В руках у них для приношенья были
Горшки с вареным рисом и жасмины.
Жужжали пчелы, сладостнее ви́ны[305],
Когда они рассы́пали дары
И стали ждать среди ночной поры,
Какой им будет знак, прильнув друг к дружке.
Внезапно голос молодой пастушки
Послышался. Привязанных телят
Ей было жаль, и, в ночь вперяя взгляд,
Она сказала: «Не горюйте! Скоро
Вернутся ваши матери!» Без спора
Решив, что это бог им возгласил,
Прислужницы — бежать что было сил
И молвили тоскующей царице:
«Недолго ждать осталось: возвратится
Твой повелитель, царь с осанкой бычьей,
Увенчанный победой — и с добычей!»
Владычица, прослушав их рассказ,
Жемчужины смахнула с черных глаз.
И вдруг — виденье!

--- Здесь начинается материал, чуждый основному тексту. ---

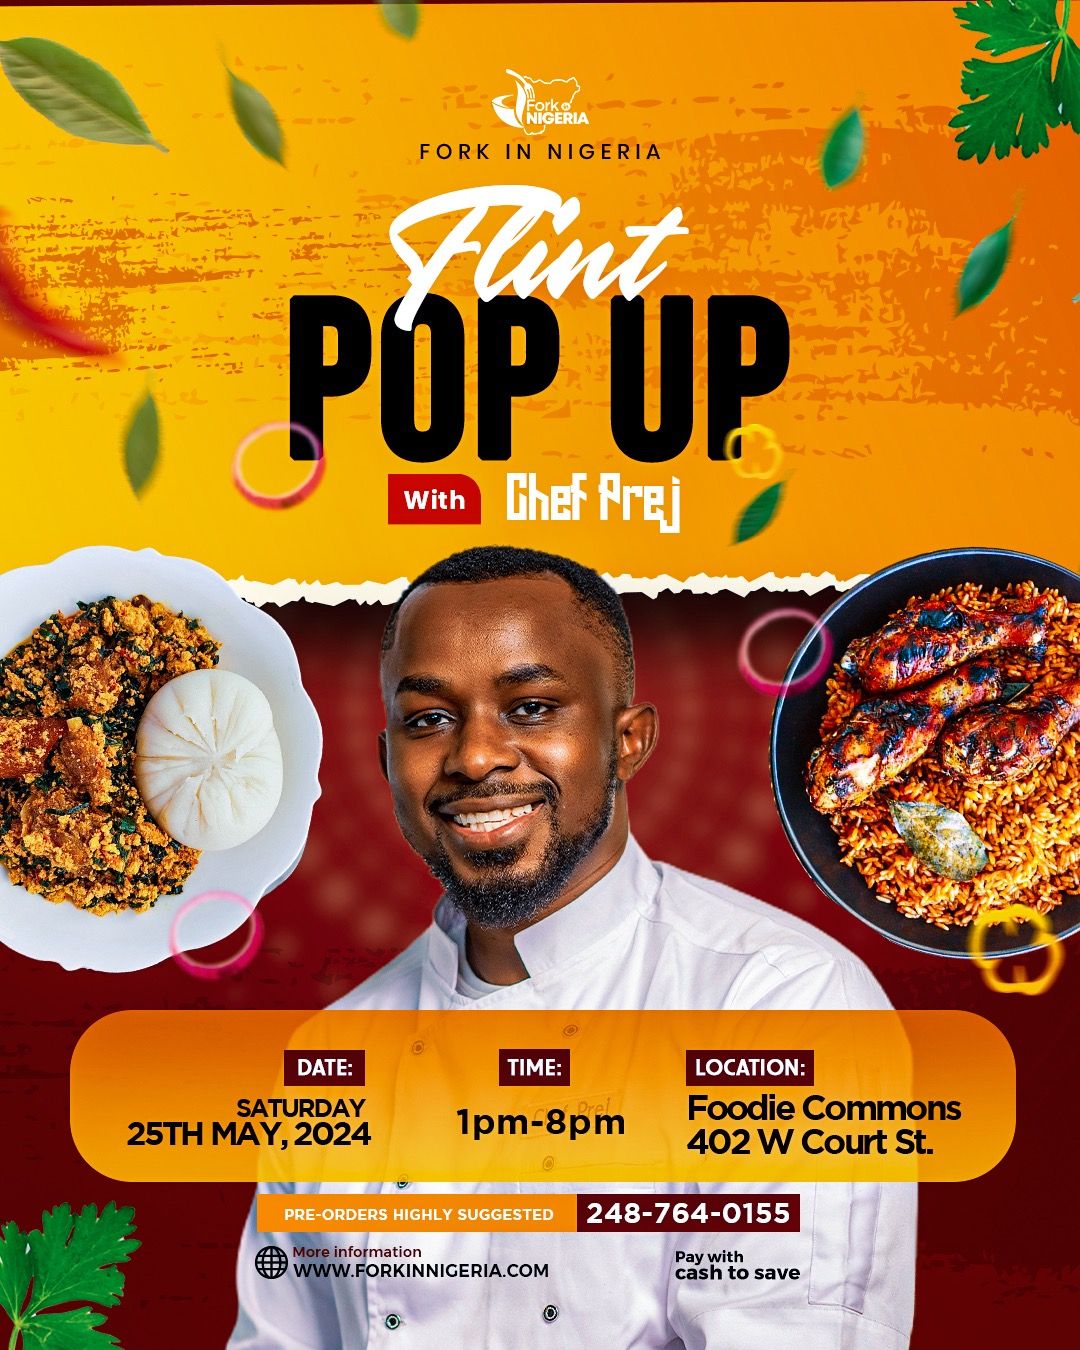 African Food Truck Pop up with Chef Prej

На лесной поляне,
Очищенной от трав, где поселяне —
Охотники воздвигли бастион
(Отныне он с лица земли сметен),
Огромное военное становье
Предстало ей, исполненной любовью.
Там на скрещенье троп, гора на вид,
Свирепый слон сторожевой стоит.
Ему подносят тростника вязанки —
Он гордо отвергает все приманки.
Напрасно с перекошенным лицом
Его погонщик бьет своим бодцом.
Воители, являя верх сноровки,
Вбивают в землю колья — и веревки
Натягивают; миг — и пестрый кров
Колышется над остовом шатров;
Потом бойцы, — их ждет покой желанный,—
Составив луки, вешают колчаны,
Как вешает отшельник на треногу
Свою одежду, охряную тогу;
И наконец они лихим броском
Вонзают в землю копья — лепестком
Отточенным… Без лишней суеты
Над копьями укреплены щиты,—
И вот уже — на ночь одну — готово
Убежище для воина простого.
Стихают шум и говор до утра,
И только возле царского шатра
Мелькают длиннокосые смуглянки
С кинжалами на поясах. В горлянке
Горючее для плошек у любой.
Они следят, когда пробьют отбой,
Чтоб ни одна светильня не погасла,
И если надо — подливают масла
И от нагара чистят фитили.
Уж за полночь. Давно умолк вдали
Походный колокол длинноязыкий.
Стоят, качаясь, стражники владыки:
По сонным векам пробегает дрожь,
Как по лианам в ветер или дождь.
Отсчетчики часов, сложив ладони,
Кричат: «О восседающий на троне,
Непобедимый царь, гроза врагов,
Узнай: по времемеру[306] — час таков!»
У царского шатра — отряд яванов[307].
В их боевой отваге нет изъянов.
У каждого явана — меч и щит,
И под полой одежды кнут торчит.
Они могучи и широкоплечи.
В самом шатре — прислуживают млеччи[308]
Бессонницей томимому царю.
Уж утреннюю видит он зарю
А с нею — неминуемую сечу
И мыслями стремится ей навстречу,
И, щеку подпирая кулаком,
Он вспоминает, легким холодком
Овеянный, — свои былые схватки.
Бегут враги, смешавшись, в беспорядке.
Их тысячи, отставших, полегли.
Как змеи, извиваются в пыли
Отсеченные хоботы слоновьи.
Под градом стрел, все залитые кровью,
Ржут, прядая ушами, жеребцы.
Победу одержавшие бойцы
Приветствуют его, безмерно рады,
И раздает он щедрые награды.
При свете плошек, спрятанных в литых
Ладонях изваяний золотых,
Царица возлежит в покое спальном
Дворца семиэтажного, в печальном
Раздумье о властителе своем,
И свой браслет с причудливым витьем,
Тоскуя, поправляет поминутно.
Вконец истомлена тревогой смутной,
Она трепещет в лихорадке злой,
Подобно паве, раненной стрелой.
А за окном, не убавляя мощи,
Бушует ливень в придворцовой роще,
И, вслушиваясь в грохот водопадный,
Царица напрягает слух свой жадный.
Все мнится ей шагов далекий гром,
Все видятся ей в сумраке сыром
Победою расцвеченные стяги.
Идут войска, нет меры их отваге,
Идут тропой песчаной, прямиком.
Олень и лань на поле просяном
Резвятся. Синий пламень высекая,
Цветет кустарник низкорослый — кайя[309],
Дождь золотой[310] — как утренняя даль,
Ладони все свои раскрыл кандаль[311]
И тондри[312] — сгустки темно-алой крови.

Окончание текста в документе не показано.